My Heart and Other Black Holes [1/57* 2018]

My Heart and Other Black Holes

My Heart and Other Black Holes by Jasmine Warga
My rating: 3 of 5 stars



Depression is like a heaviness that you can’t ever escape. It crushes down on you, making even the smallest things like tying your shoes or chewing on toast seem like a twenty- mile hike uphill. Depression is a part of you; it’s in your bones and your blood. If I know anything about it, this is what I know: It’s impossible to escape.

Review originally published on Goodreads – July 11, 2018.

I’m back here in Goodreads after 2 to 3 years, I’m not sure. I’ve been stuck in the world of fan fiction (AO3).. that I’ve forgotten how much I loved other books, too.
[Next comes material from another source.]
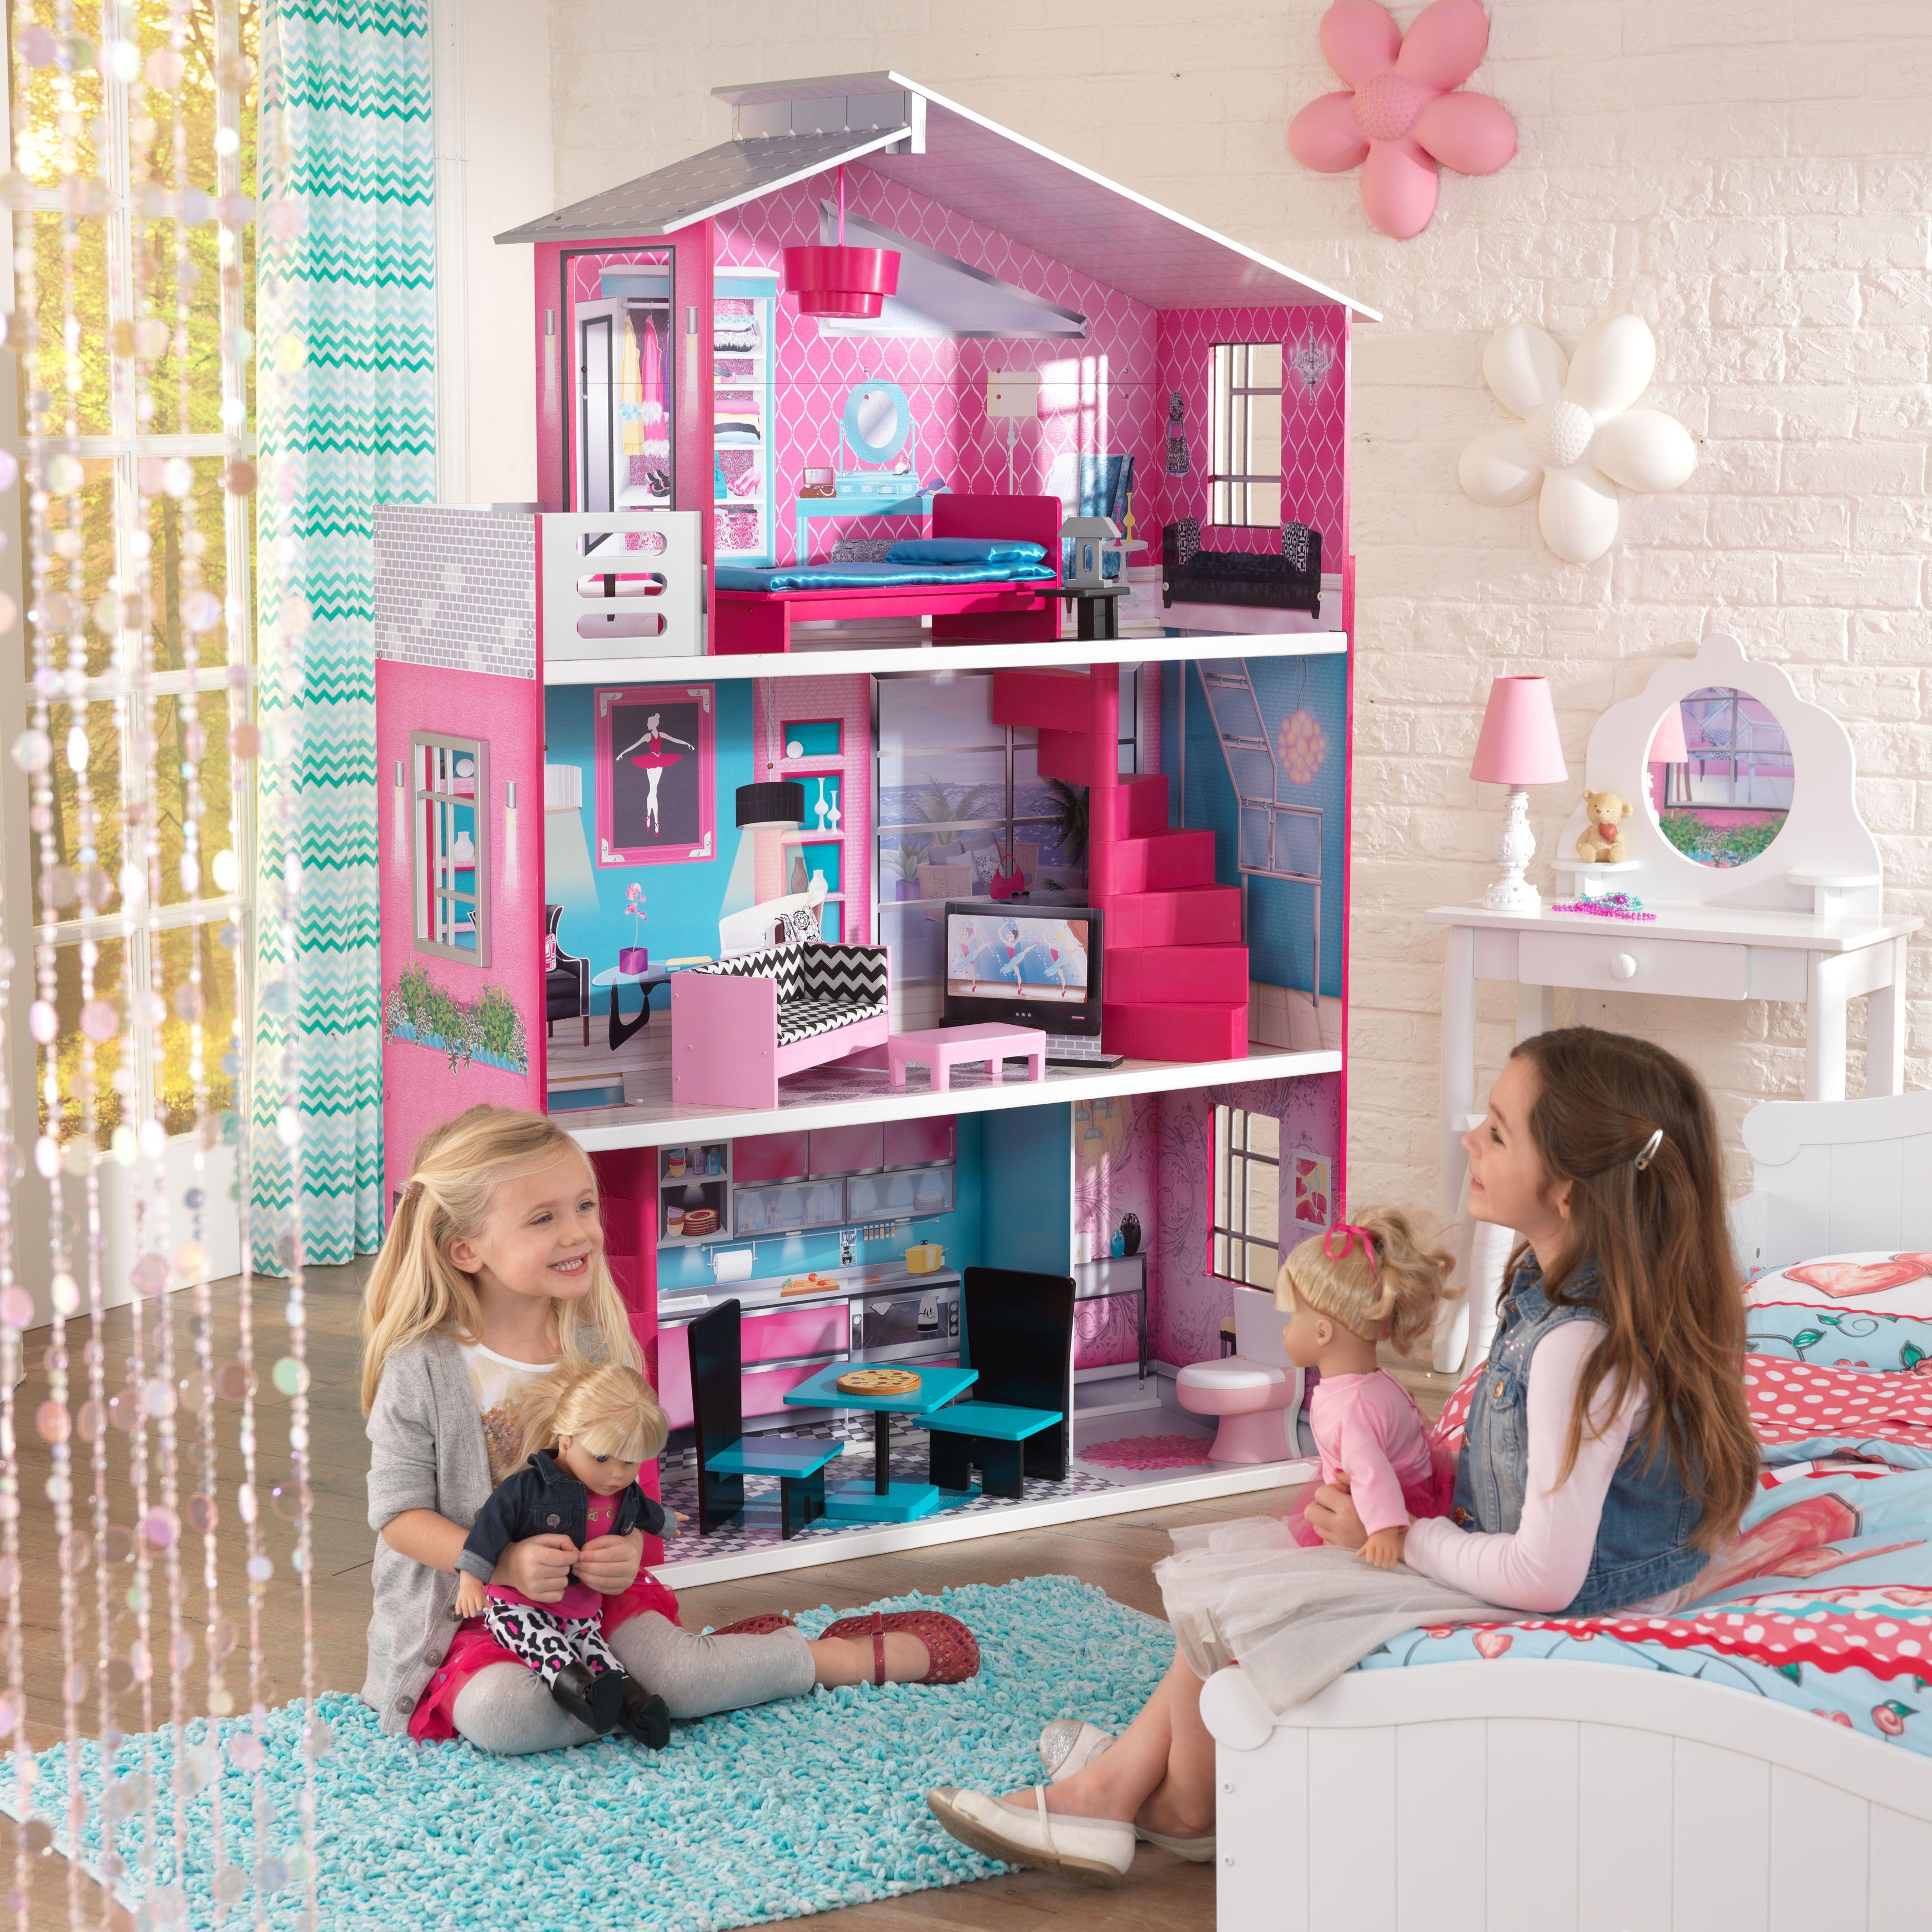 Breanna 18 Inch Dollhouse #kidkraft #dollhouse #playroom

Now, I promise to myself to read fiction and fanfiction alternately.

Anyway, TRIGGER WARNING: THIS BOOK IS ABOUT SUICIDE. And not just suicide.. Sometimes the protagonist, Aysel, has thoughts that are so dark and heavy and real- thoughts that might be too much for some.

I loved how this book portrayed depression. It’s enlightening for me. I had a deeper understanding of what it feels like for someone who suffers from it. I love that it was ended full of hope for the main characters.

On a lighter note, the science nerd in me was really happy with how the author used physics in most of her points.

I was not expecting for this book to take on a romance twist. It was not really heavily important in the plot. It actually killed the main plot of the book for me.

This book actually had the potential to be one of the best books that tackled suicide/death/depression for me. Maybe on the first half of it. It’s the resolution and ending of the book that bothered me.

I think there was a misguided focus on the romance part towards the end, that closure with her family, especially her half siblings was forgotten. I felt like there needed to be closure as their relationship is one of the heaviest influences in her decision.

I guess, really, we should stop romanticizing death, depression and suicide. After all, love is not a cure-all.